С Кузярём мы сходились у пожарной. Казалось, он совсем забросил своё хозяйство и норовил удрать от больной матери, но я хорошо знал своего друга: расторопный, горячий, он вставал задолго до солнышка, убирался во дворе, варил какое‑то месиво на завтрак, уезжал на полуживой лошадёнке в поле, кормил её на межах, а сам грабельцами косил реденькую рожь.

Он встречал меня обычно снисходительными шуточками:

— Ну, вольница бесшабашная! Выспался, свистнул, брыкнул да и на облачке покатался. А я вот успел уж и руки косой отмотать. Хочу на помочь тебя звать, всё-таки с полосы‑то моей снопик наберёшь. Скирда не скирда, а два снопа — пара.

А мне совсем не хотелось отвечать на его балагурство: болтать да дурачиться на этом месте я считал тяжким грехом. Здесь пороли людей, здесь плакала Паруша… А сейчас Тихон с дружками томятся в остроге и ждут суда. Они стояли передо мною, как живые, в крови, истерзанные, но неукротимые. При второй встрече я оборвал Иванку:

— Аль ты забыл, чего тут делалось?

— Как это забыл? — вспыхнул он от обиды. — Я, может, и хожу‑то сюда неспроста…

— Ну, и не зубоскаль! Это хуже всякого греха. Давай лучше приходить сюда, чтобы письма 1 ихону писать.

Иванка ошарашенно вытаращил на меня глаза и схватился за голову.

— Вот досада‑то! Как это не я, а ты надумал? А я всё тоскую, чего это мне тошно… хоть плачь!..
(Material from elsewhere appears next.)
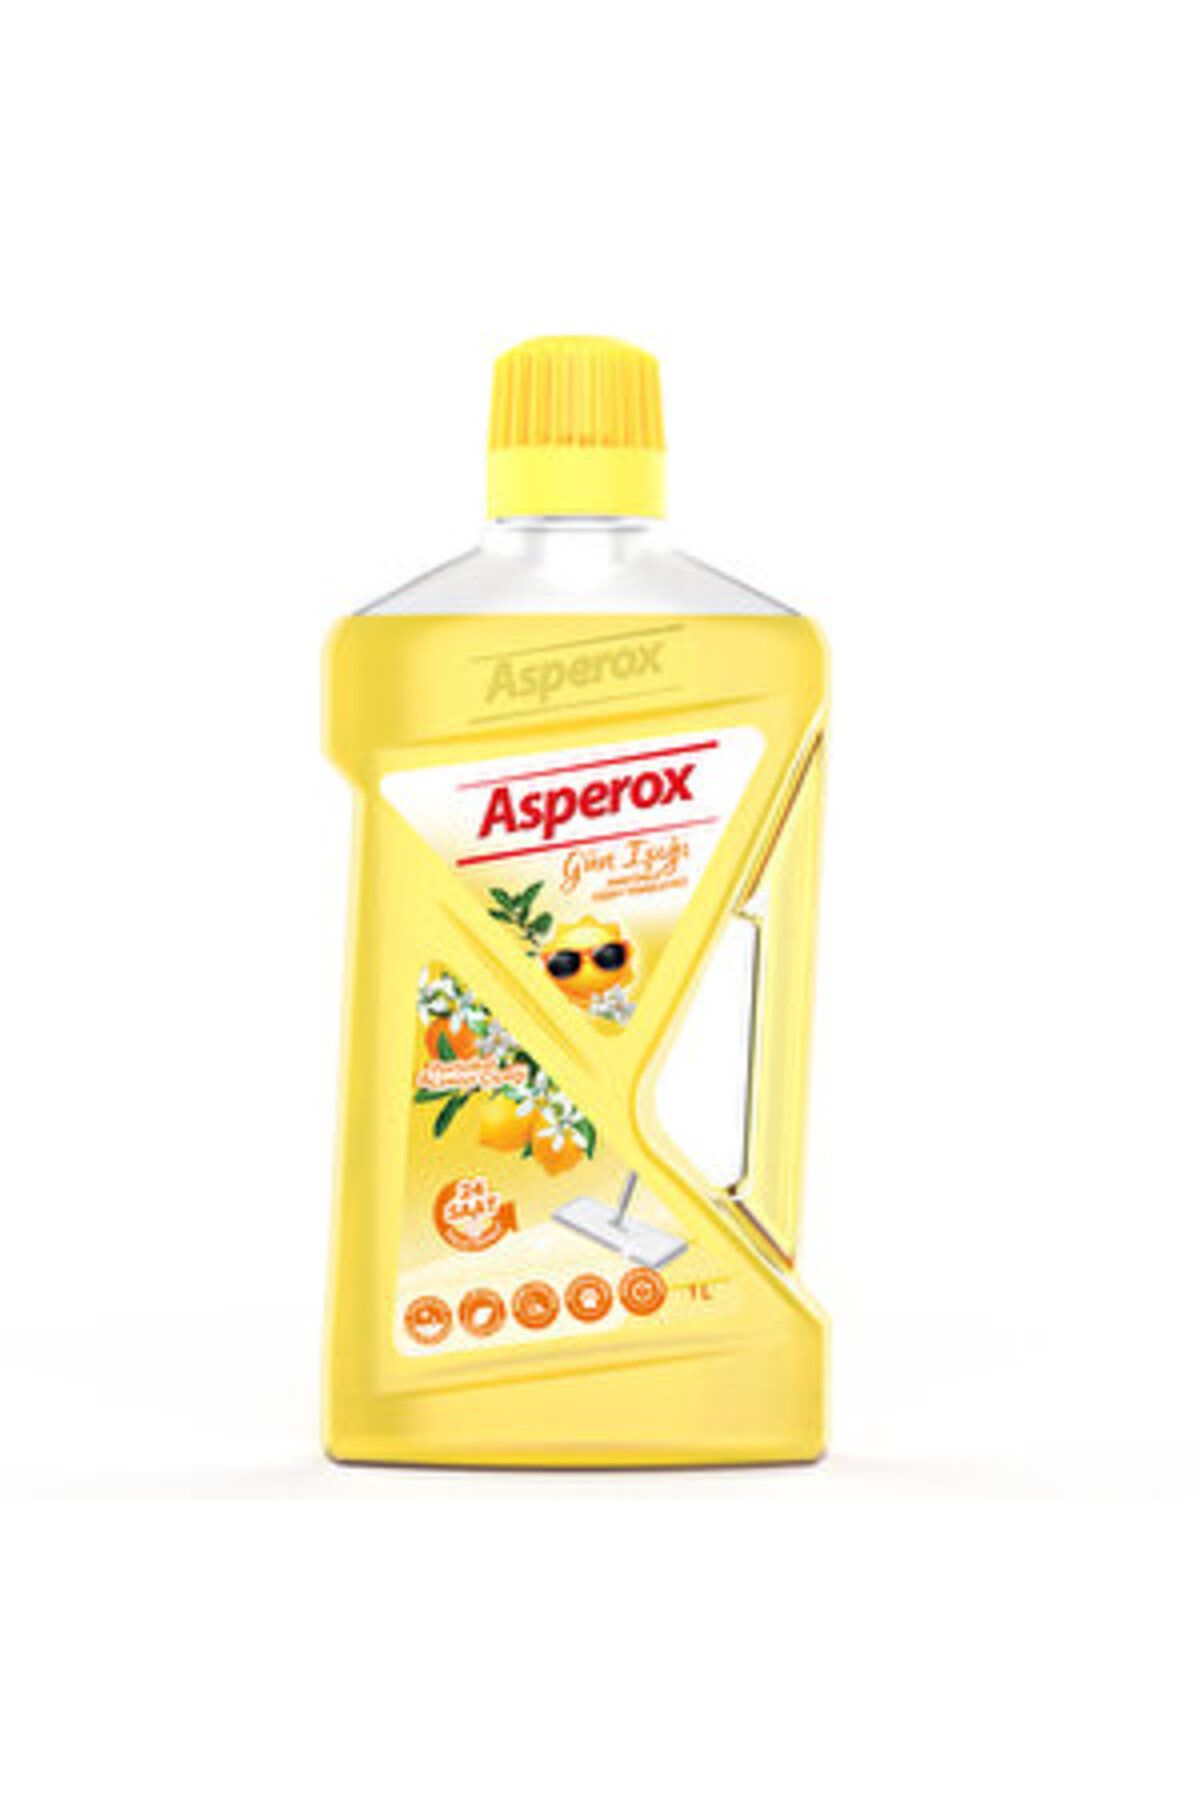 ASPEROX ( 5 ADET ) Asperox Yüzey Temizleyici Gün Işığı 1 L (Sarı)

И мы решили на следующий же день принести бумагу с чернилами и вместе с Миколькой написать в тюрьму Тихону большое письмо. Взволнованные этим решением, мы пошли к школе, где плотники достраивали крылечки и украшали наличники и карнизы причудливей резьбой, а маляры из Моревки красили рамы белилами. На площадке между церковной оградой и школой столяры вязали парты. Классная доска стояла тут же, ожидая, когда её покроют чёрной краской.
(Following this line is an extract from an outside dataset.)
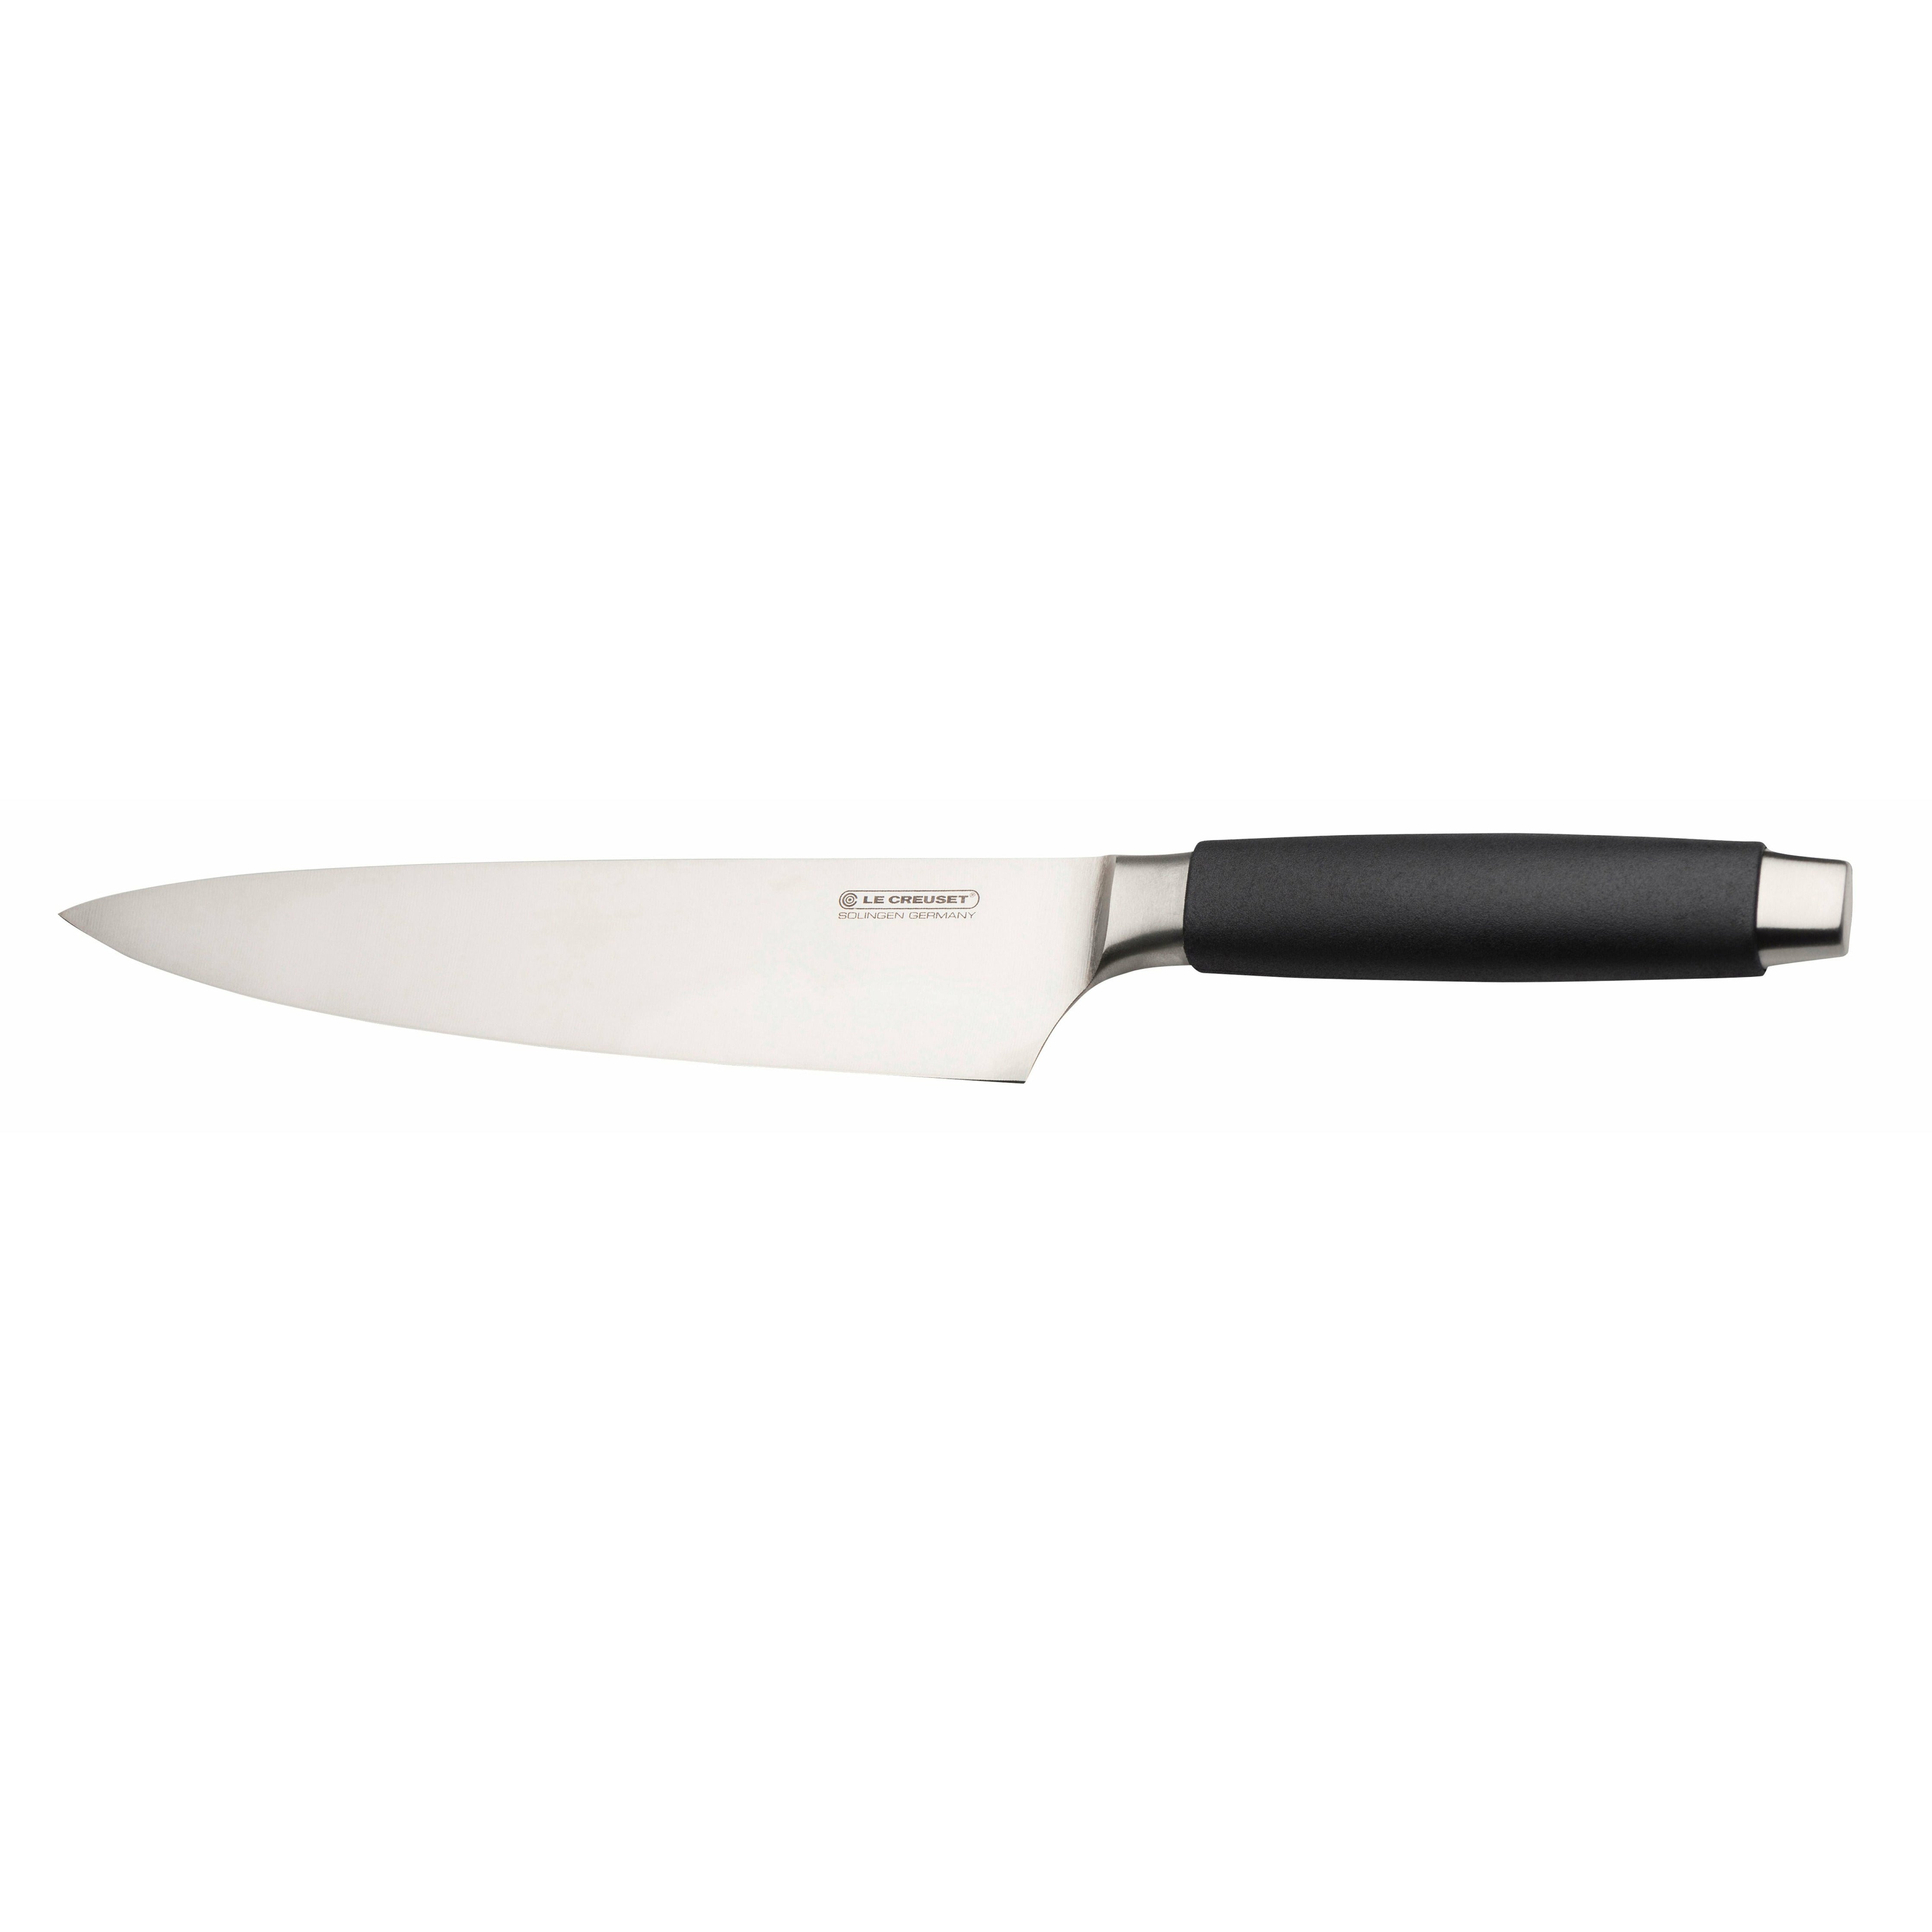 Le Creuset Kokkens knivstandard med sort håndtag, 20 cm

Работу возглавляли Архип Уколов и отец Микольки — Мосей. Сейчас Мосей уже не шутоломил, не разыгрывал из себя юродивого, а выпрямился, помолодел и, не выпуская топора из рук, по–хозяйски покрикивал. Он быстро и ловко выпиливал и вырезывал кружевные накладки на наличниках, на крылечках и на карнизах здания. Он встретил нас ласковой улыбочкой и крикнул скрипучим фальцетиком:

— Ребятишки! Аль неймётся вам? Глядите, школа-то какая нарядная будет. Учитесь да помните нас, стариков. Была моленна пятистенна для покаяния да воздыхания, а сейчас — светёлка вся в резных цветах да выкладях. Сроду у нас училища не было, а нынче мы с Архипом на старости лет лепотою облекаемся.

Архип, не отрываясь от работы, по–солдатски хрипло завывал:

-— Ой, ребяты, бравые солдаты, пойдём с туркой воевать! Мальчики вы мои любезные! Только с вами, негрешными чертятами, и жить хорошо…

Мы с Иванкой закричали наперекор ему:

— Мы, дедушка Архип, в солдаты не пойдём.

— Как это так не пойдём? —сердито ощетинился он. — Лобовой не волён в своей воле: его берут и бреют.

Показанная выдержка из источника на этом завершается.